- _Activity_: Leave every picture out and return the rest of the listing verbatim.

- _Dataset section_:
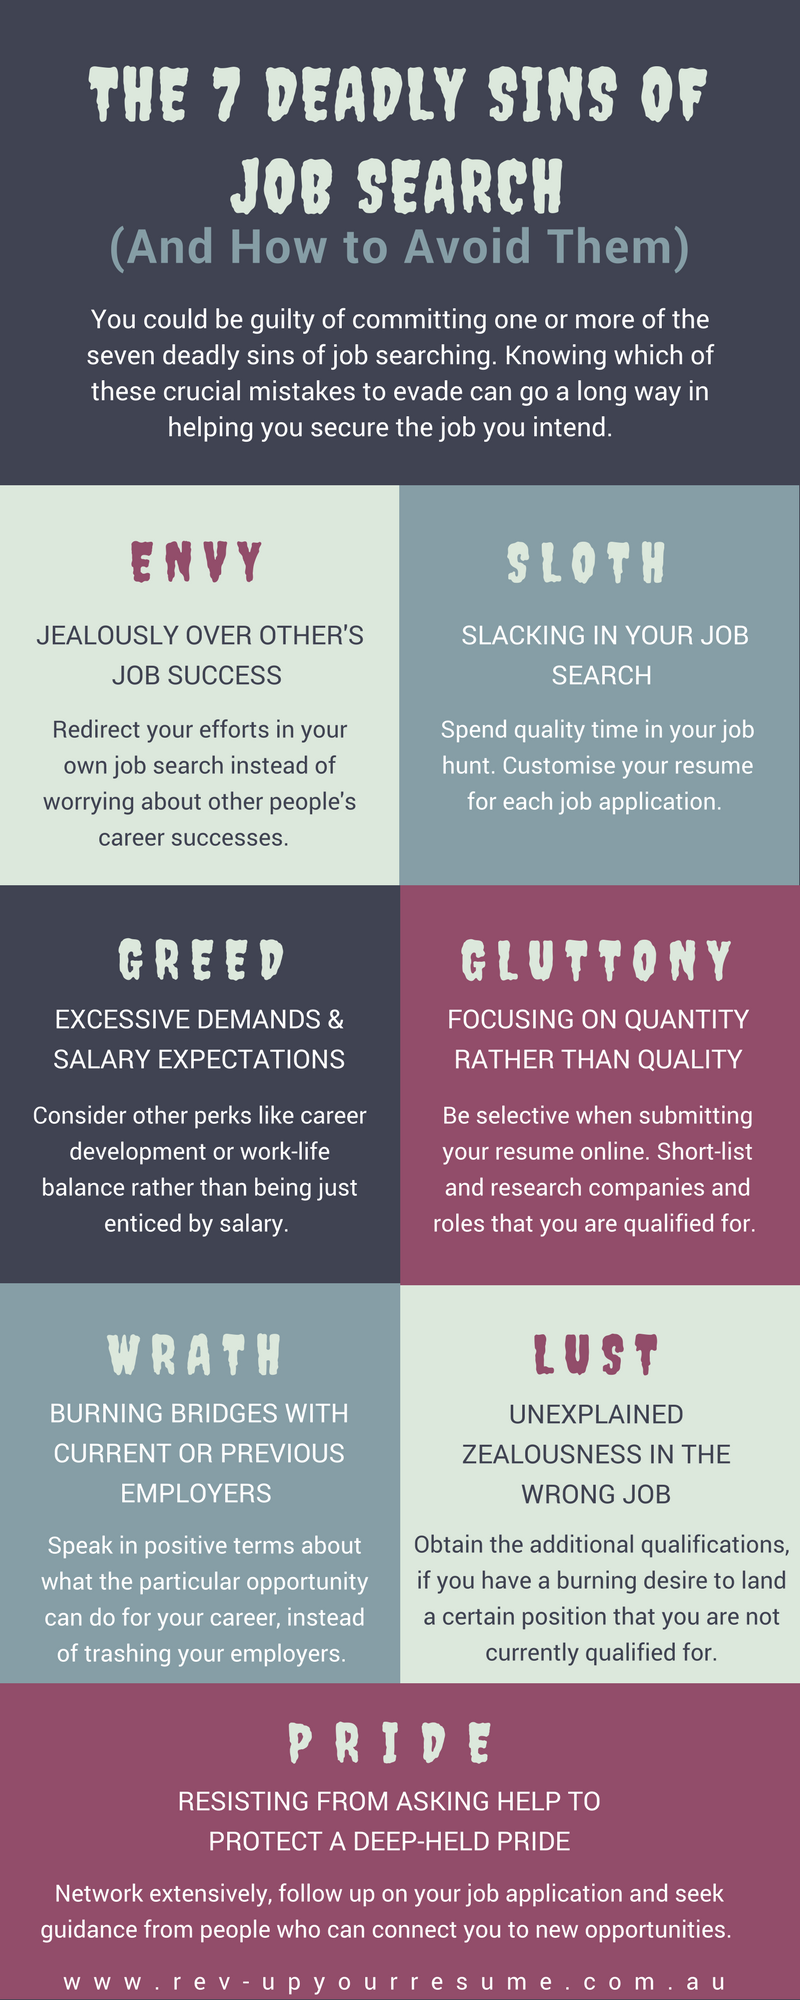 The 7 Deadly Sins of Job Search and How to Avoid Them
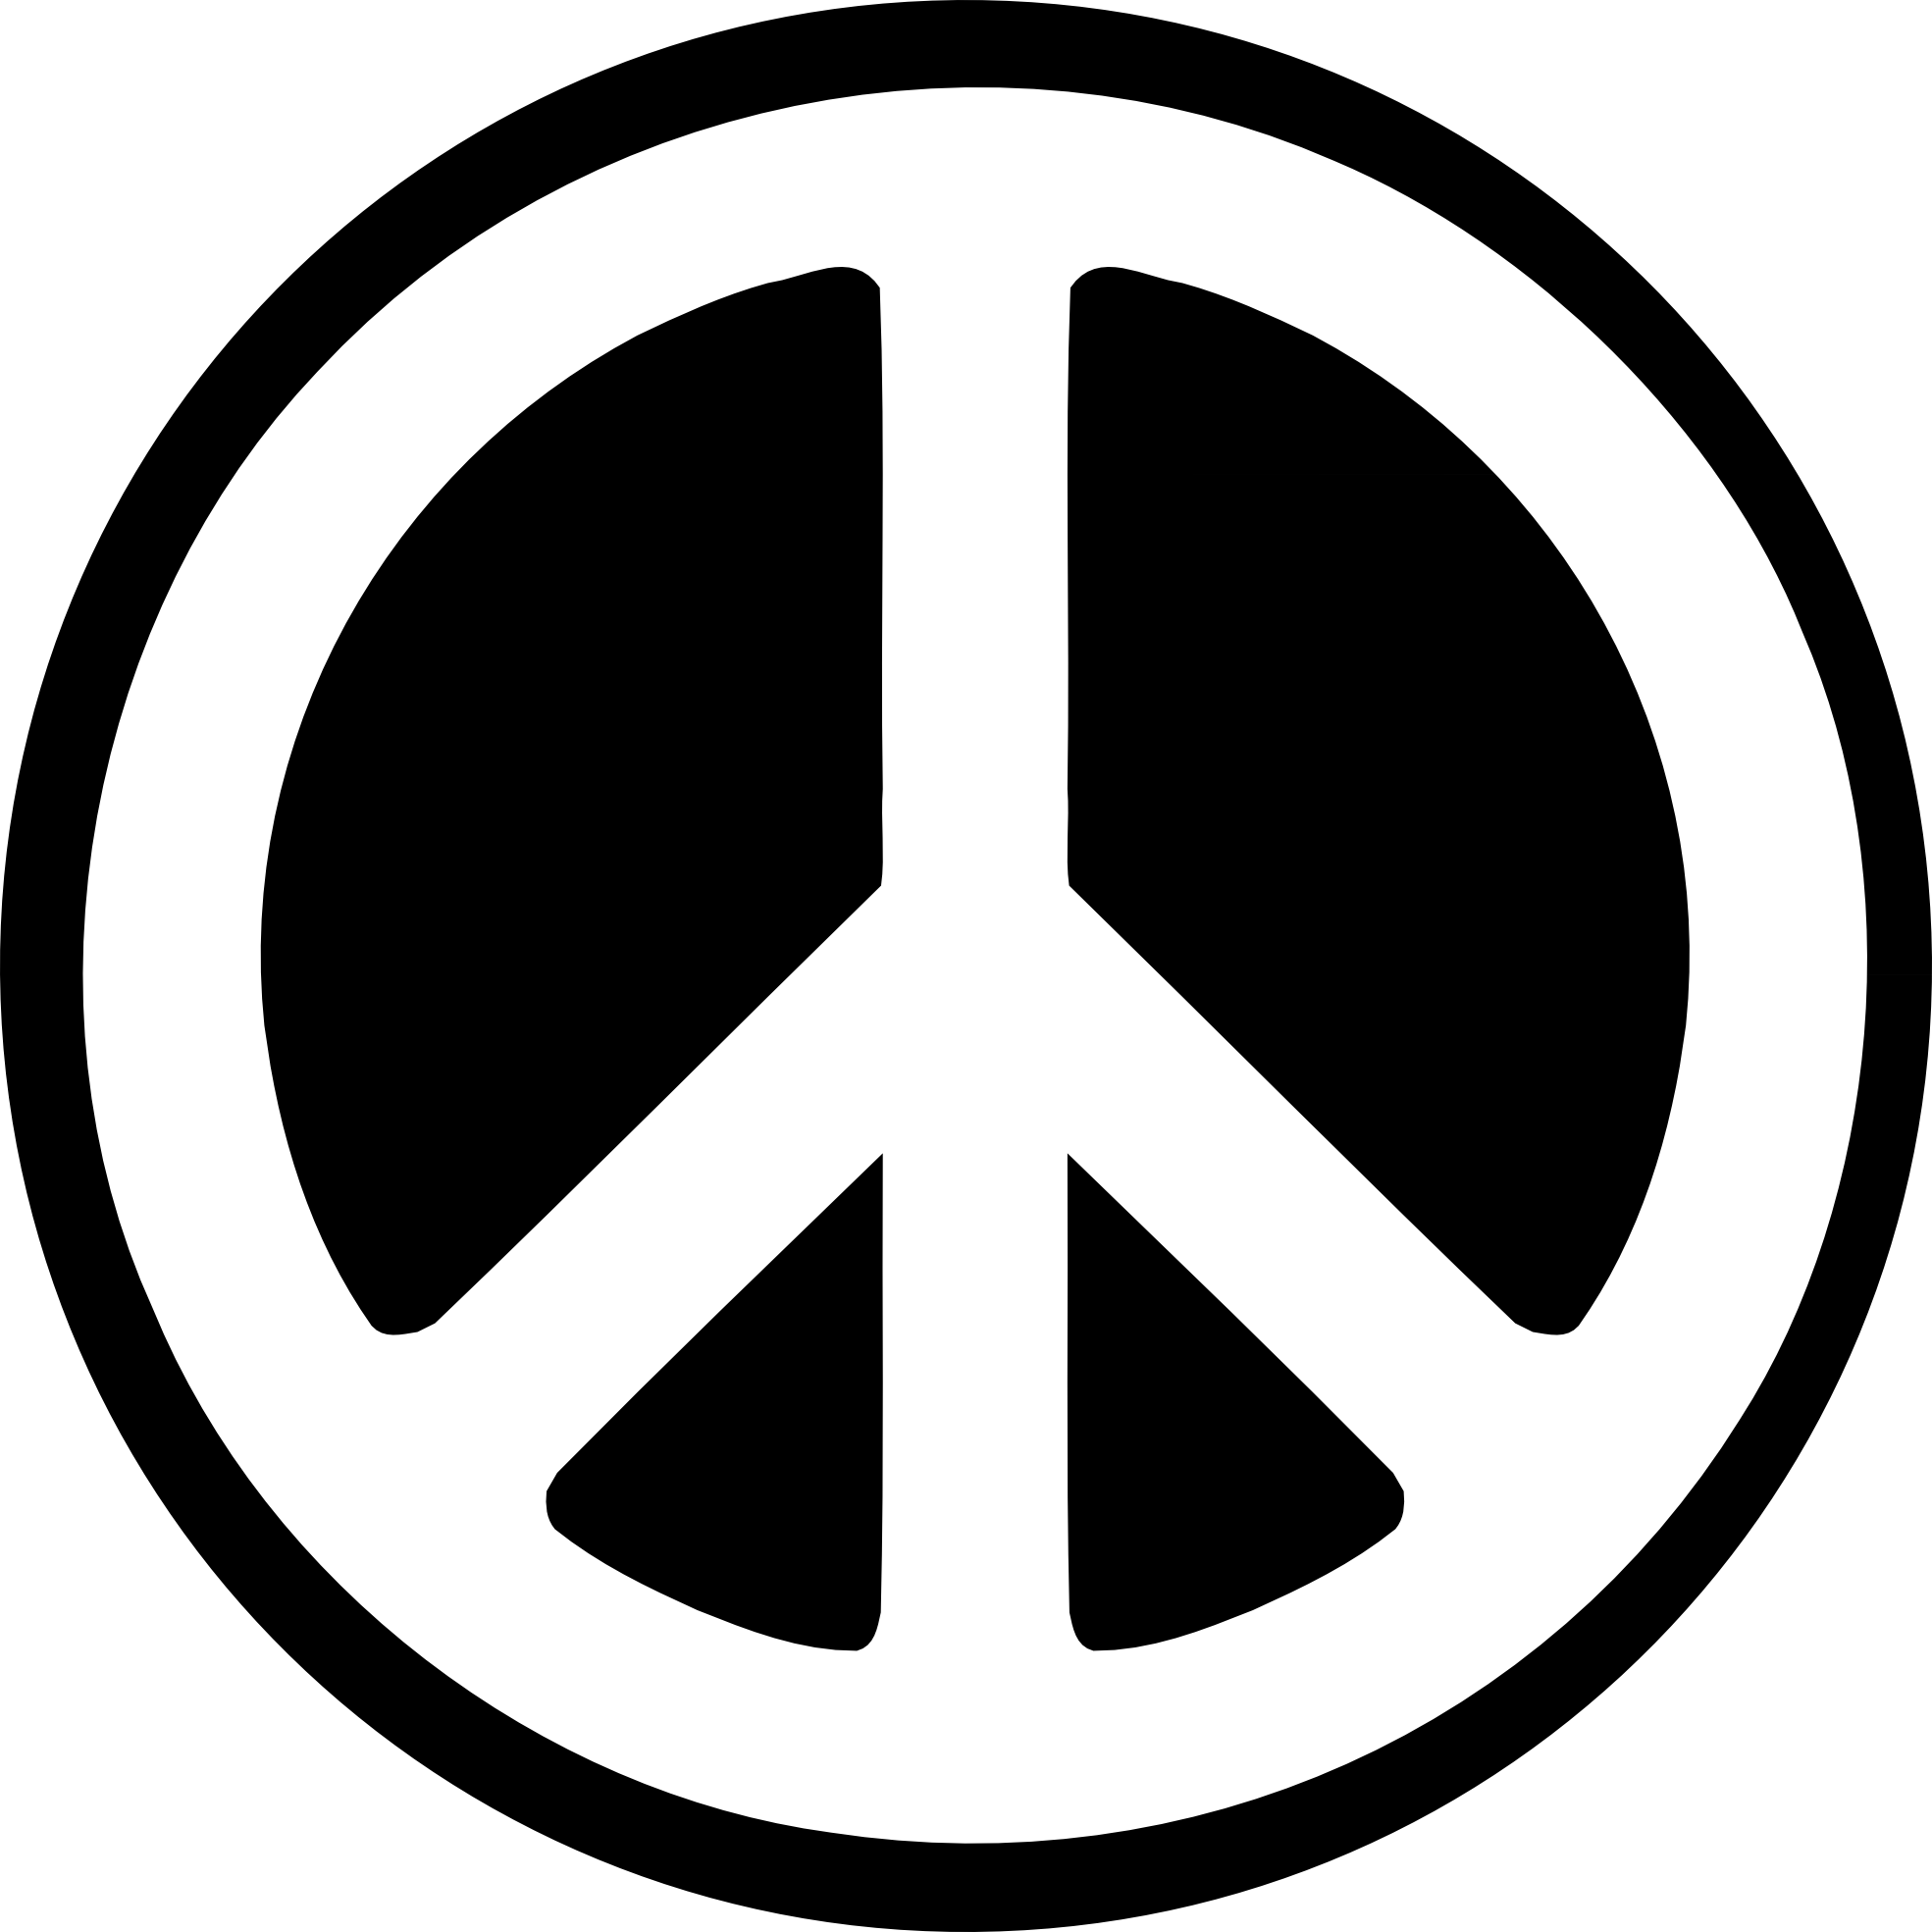 Peace clipart black and white. Sign panda free images
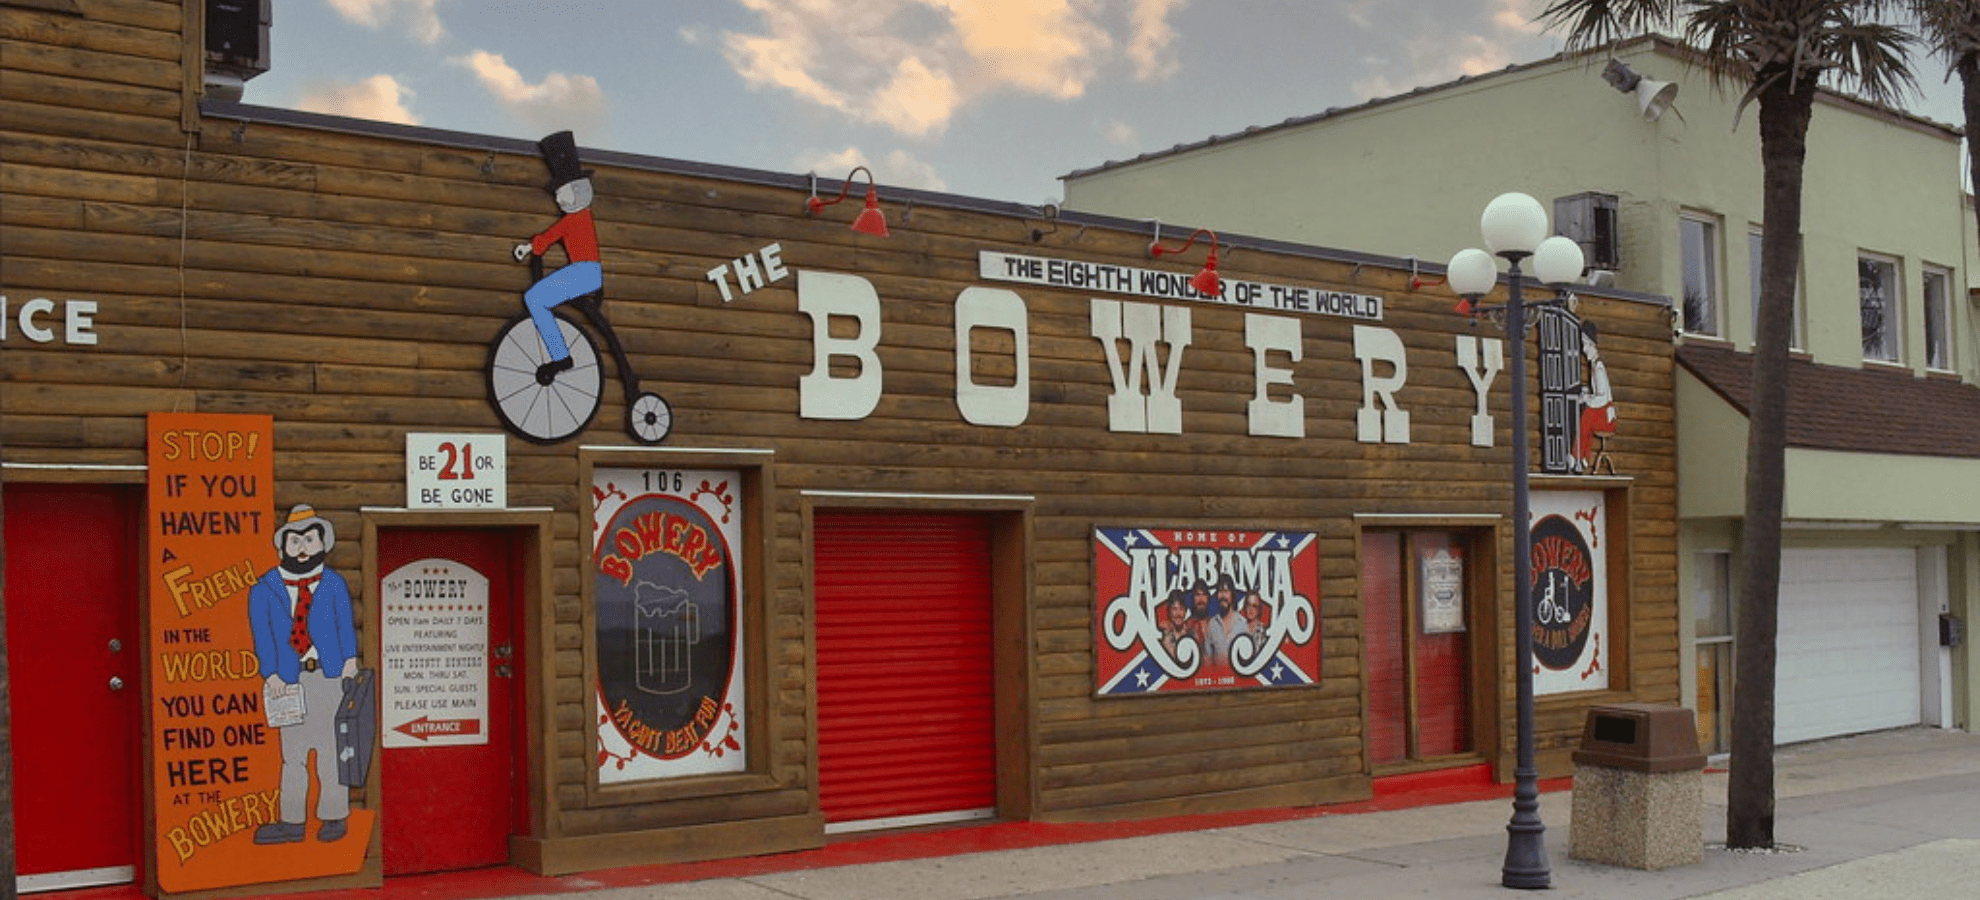 Celebrating The Bowery, Myrtle Beach’s Iconic Dive Bar

- _Reply_:
 The 7 Deadly Sins of Job Search and How to Avoid Them
 Peace clipart black and white. Sign panda free images
 Celebrating The Bowery, Myrtle Beach’s Iconic Dive Bar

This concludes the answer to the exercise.